_Task prompt:_ Among the entries below, extract exactly the lines that run from the one with "#buyleather #bulkleatherorder #indianleathermanufacturer" through the one with "Pair of Armchairs", both ends included.

_The data:_
::::

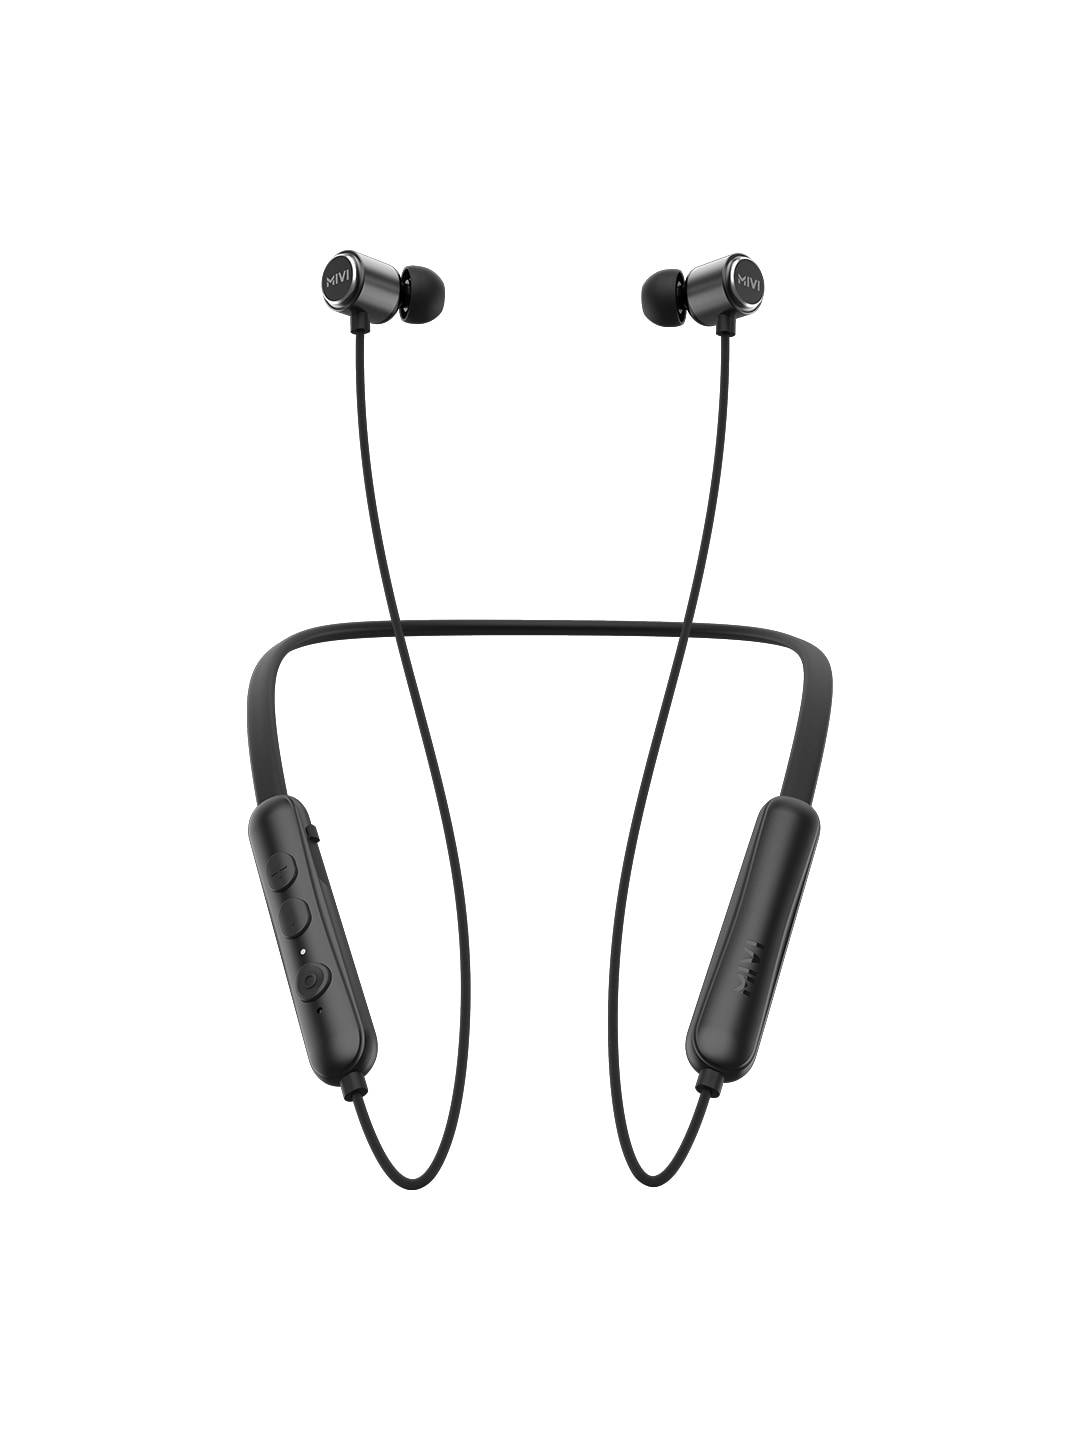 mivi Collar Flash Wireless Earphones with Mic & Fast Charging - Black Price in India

::::

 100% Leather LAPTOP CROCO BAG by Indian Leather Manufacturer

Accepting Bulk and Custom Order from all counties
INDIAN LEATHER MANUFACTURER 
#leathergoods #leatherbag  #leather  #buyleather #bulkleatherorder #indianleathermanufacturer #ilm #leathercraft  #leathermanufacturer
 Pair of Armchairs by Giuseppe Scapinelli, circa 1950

::::

_Solution:_
#leathergoods #leatherbag  #leather  #buyleather #bulkleatherorder #indianleathermanufacturer #ilm #leathercraft  #leathermanufacturer
 Pair of Armchairs by Giuseppe Scapinelli, circa 1950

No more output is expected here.